Вглядываюсь в злое заплаканное личико, смотрю на тонкие пальчики, вцепившиеся друг в друга. На эту сгорбленную спину. И думаю — вот с этой уродливой бабой я жил? Серьезно? И не замечал, что рядом притаилась горгулья?
— Ну какая тебе разница, Ин, — вздыхаю, поднимаясь из-за стола. — Я никогда не задумывался… Наверное, я никого не люблю. Просто не способен.
Вру, конечно. Но Инне знать о моих чувствах к Яночке не полагается. Пока это моя тайна. Даже отцу с Ильей говорить не намерен. Не хочу.
— Давай, я тебя сегодня к родителям отвезу, — предлагаю миролюбиво. — Ты же быстро соберешься?
— Ки-и-т, — Инна поднимает на меня свои глазищи и бормочет недовольно. — Не выгоняй меня, ладно? Можно я тут поживу. Ты же вернешься обратно.
— Я насовсем еду, зай, — сокрушаясь, развожу руками. Беру со стола только свою кружку. Неторопливо мою ее и напрягаюсь только от одной мысли, что Инночку придется выпроваживать силой. — А квартиру хочу продать или, если не получится по-быстрому, сдать в долгосрочную аренду…
— Я вижу, ты все продумал, — замечает кисло. — Но сменить работу коммерческого директора на белый халат доктора… Мне слабо верится, Кит, — бросает с брезгливой гримасой.
— Да я — доктор и есть, кисуль. Не напрягайся, не думай. Просто прими как должное.
— Ненавижу тебя! Ненавижу! Ты мне жизнь сломал! — кричит она. Несется в спальню и, выкинув свои вещи из шкафа, начинает, комкая, бросать их в мой чемодан. Молчу. Пусть забирает. Завтра куплю новый. Лишь бы убралась побыстрее. Выхожу на балкон, чтобы не слышать, как Инна голосит на весь дом, делясь с матерью последними новостями. Проклинает, как последнюю мразь. Если ей от этого полегчает… Я-то точно переживу.
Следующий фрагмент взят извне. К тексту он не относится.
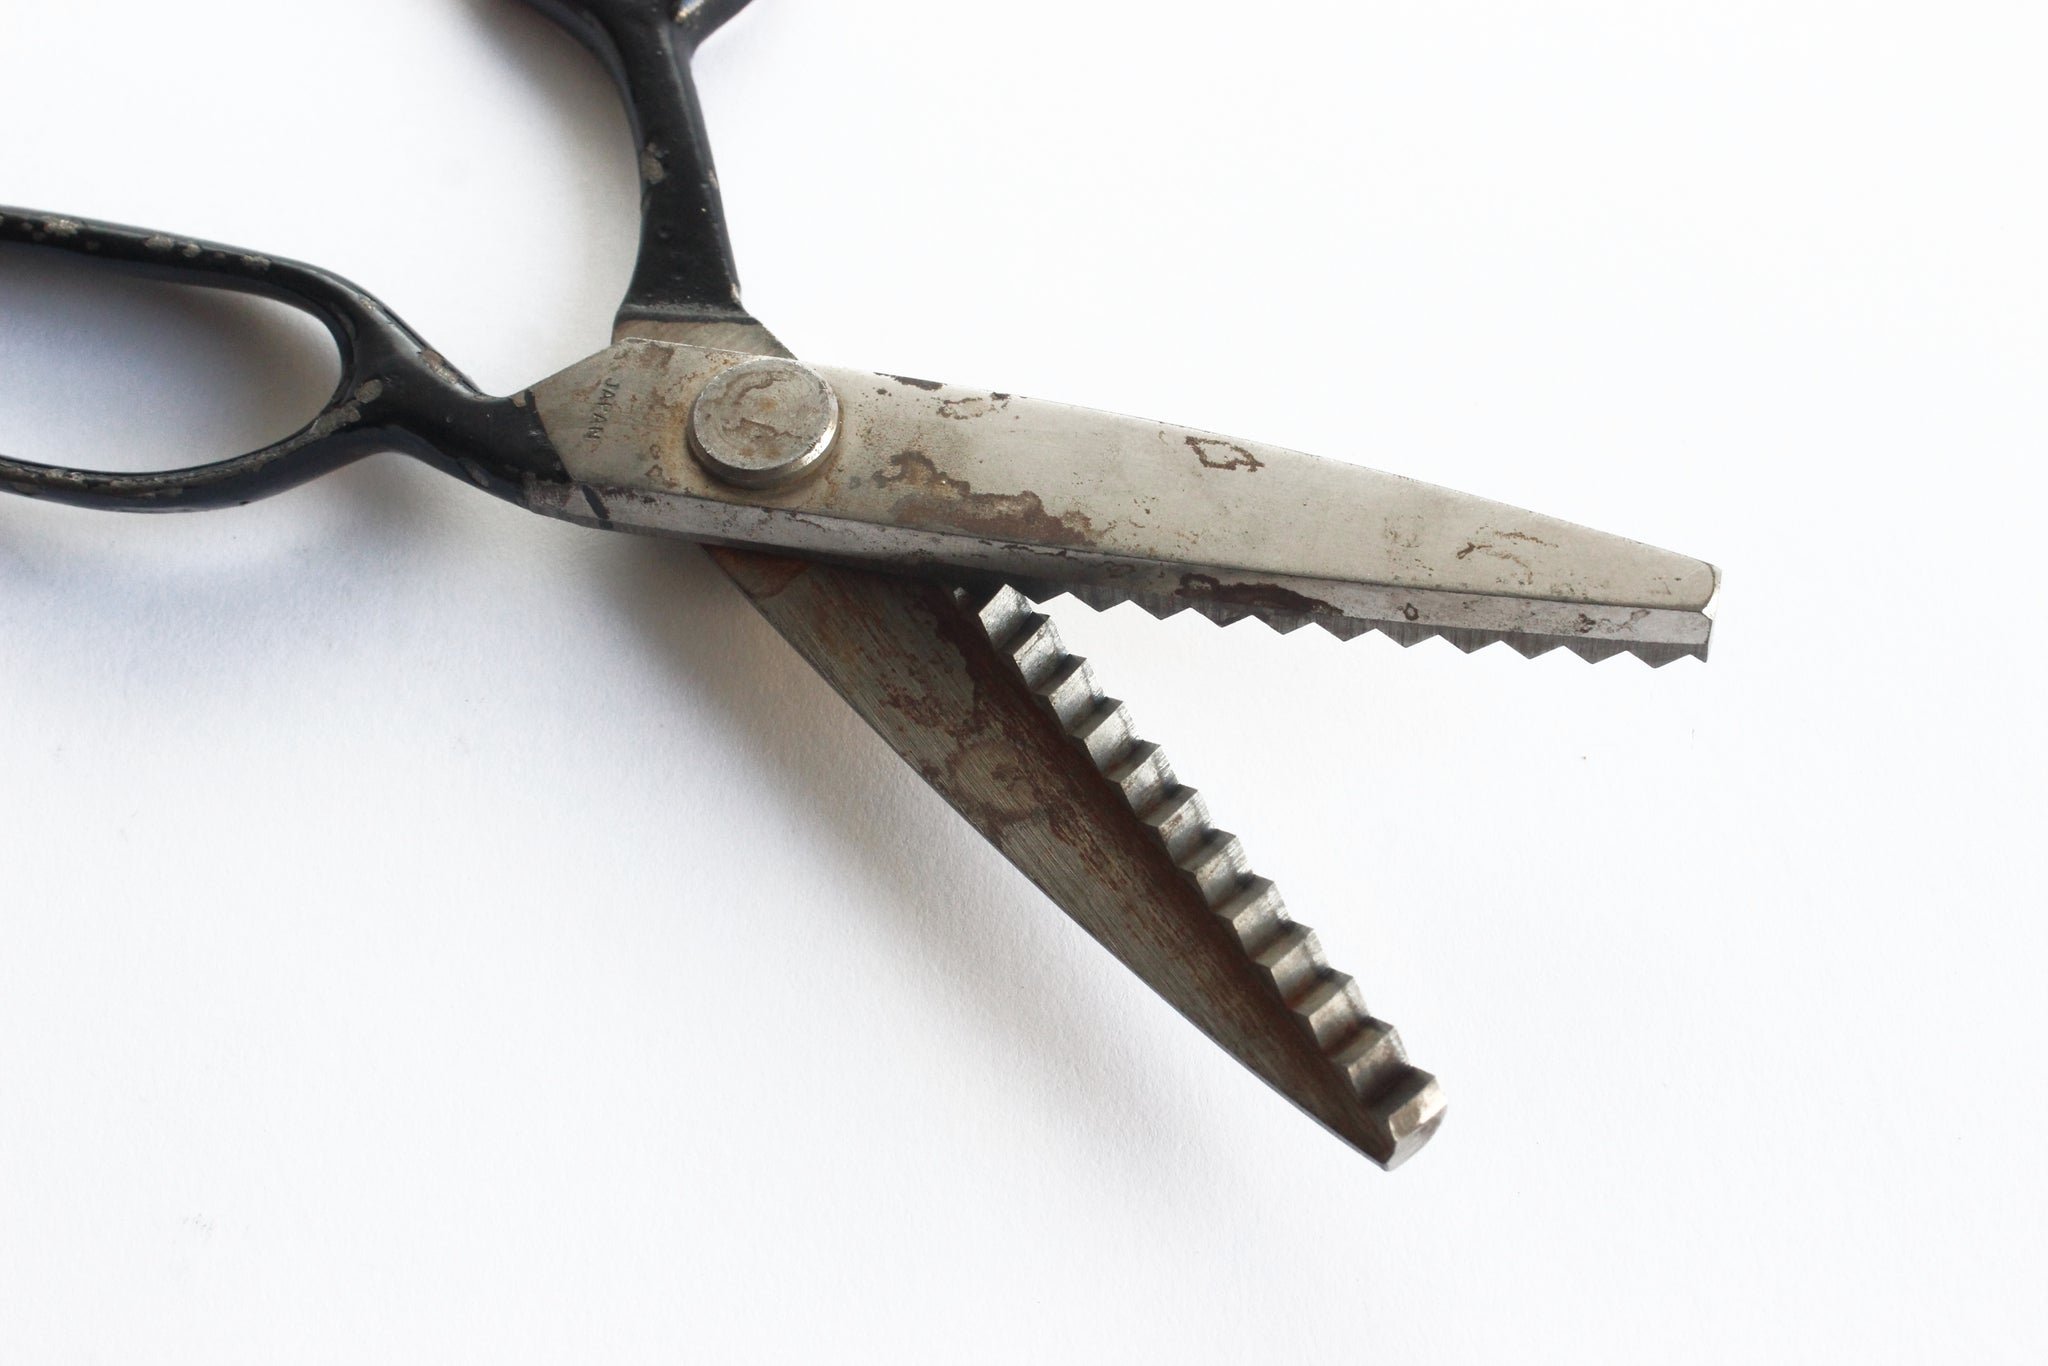 Vintage Black Handle Scissors Pair of Old Sewing Shears 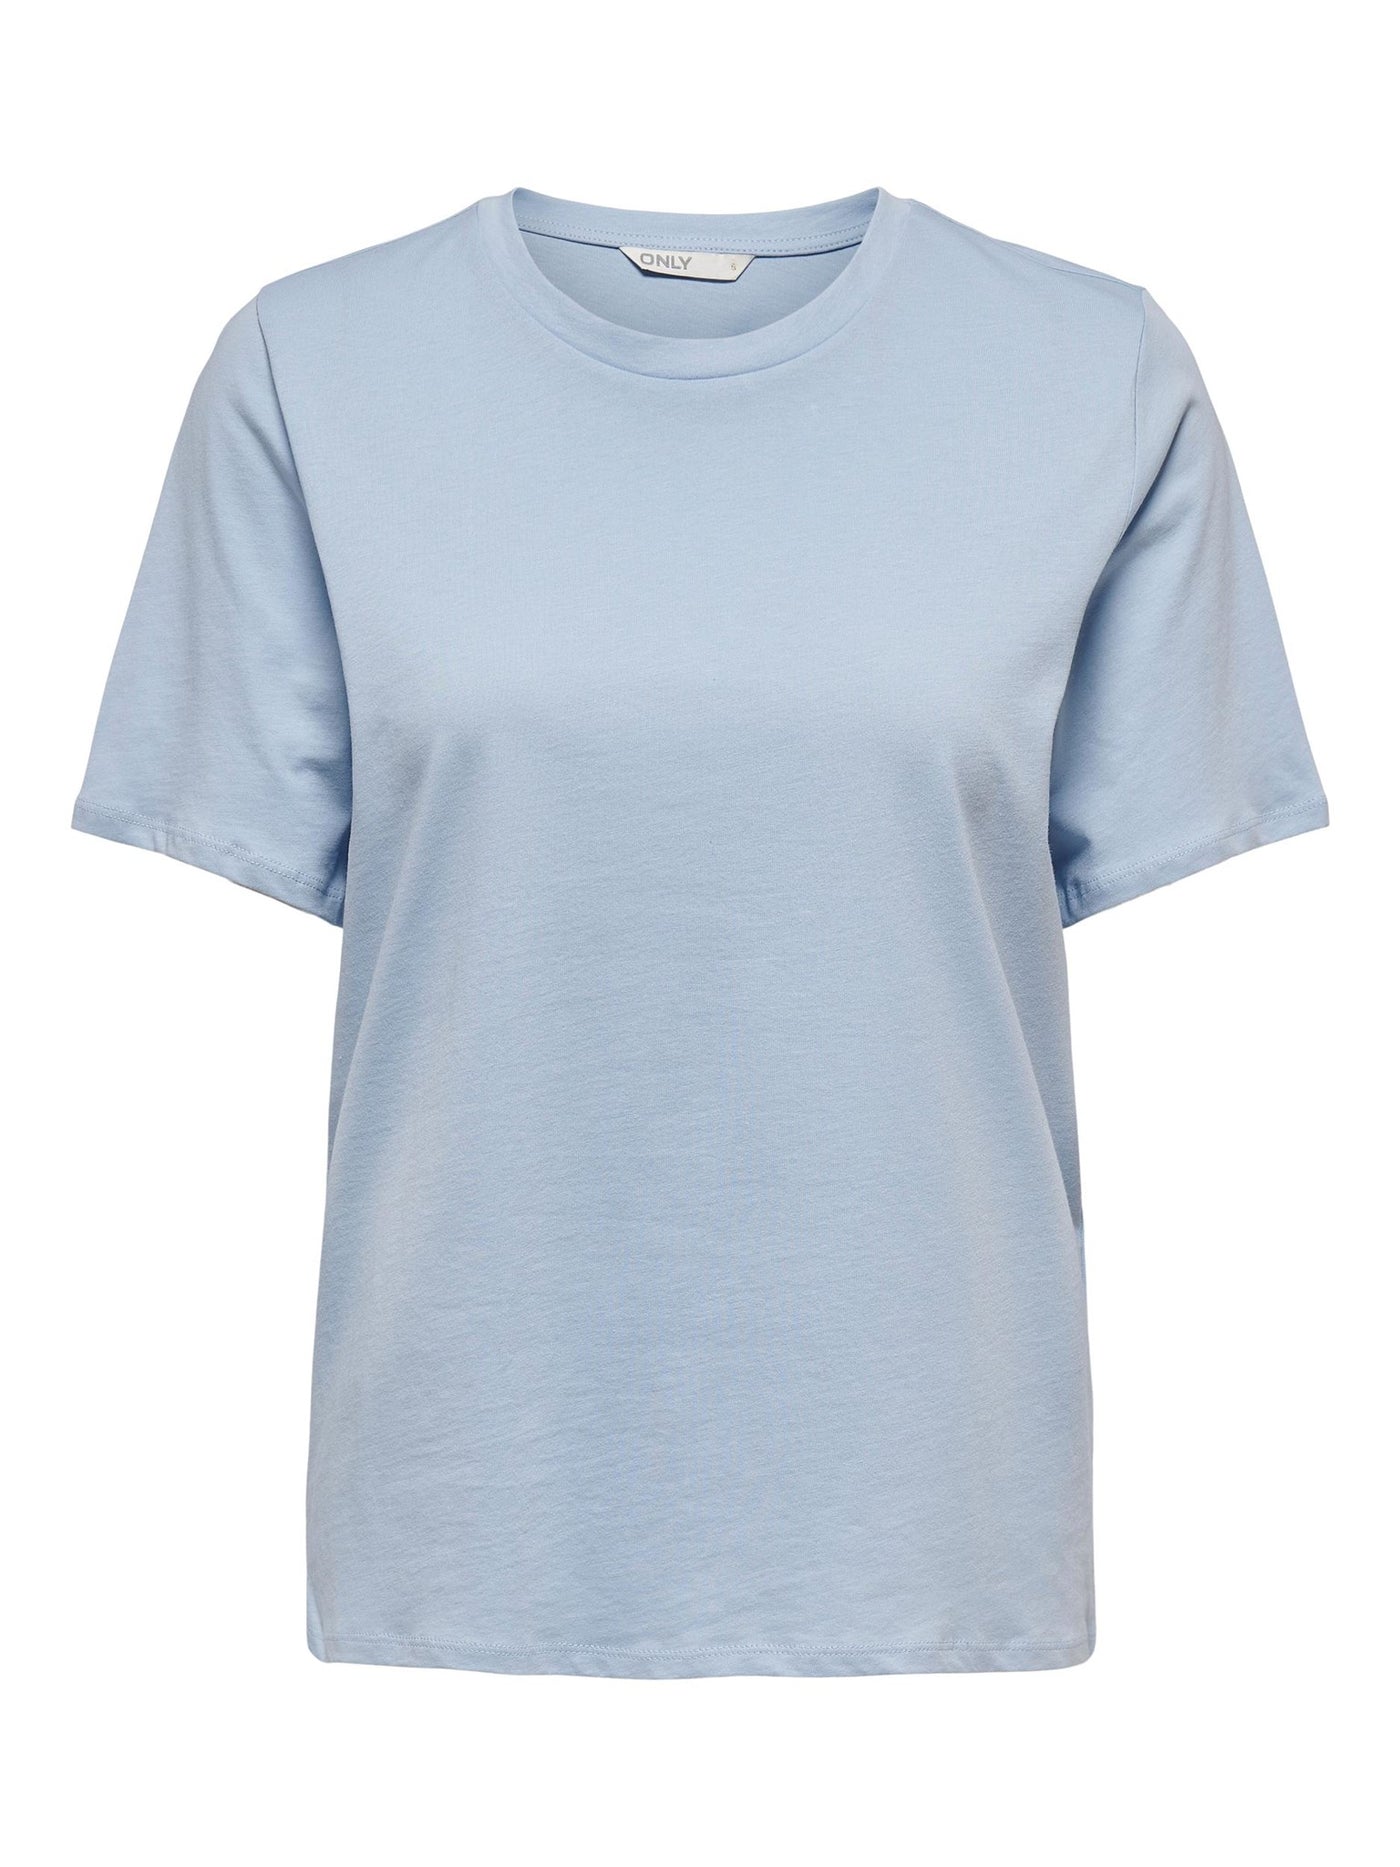 New-Only T-Shirt - Kentucky Blue - ONLY - Blue 2

— Ну, вот и все, — вздыхает она, надевая шапку. Выжидательно глядит в отражение зеркала. — Ничего не хочешь сказать, Макаров?
— А должен?
— Нет, наверное. Ты же ничего не обещал. Несись к своей Танечке… Или как там ее?
— Неважно.
Инна машет рукой от бессилия. Открывает рот, собираясь выдать новый опус от гадалки, но, услышав трель сотового, поворачивается спиной. Ищет трубку в огромном шоппере, забитом под завязку.
— Да, папа, — ноет тоненько и жалостливо. — Я готова. Поднимись, пожалуйста, очень тяжело…
И даже непонятно, что имеет в виду. Себя или багаж.
Мой шеф, крупный здоровый мужик с пивным животиком и лысиной, грозно вваливается в прихожую. Глядит на меня сурово и неприязненно. Куда-то вмиг испарился тот самый добрый отеческий взгляд, а добродушная улыбка превратилась в звериный оскал.
— Что это вы надумали, дети? — рычит он, силясь осознать происходящее.
— Никита возвращается к папе, — торжественно заявляет Инна и добавляет жалостливо. — А я ему не нужна… Там его женщина с тремя детьми ждет…
— Не пори чушь, — отмахивается шеф. — Пусть съездит, развеется, — замечает мрачно. — Все равно обратно к нам вернется.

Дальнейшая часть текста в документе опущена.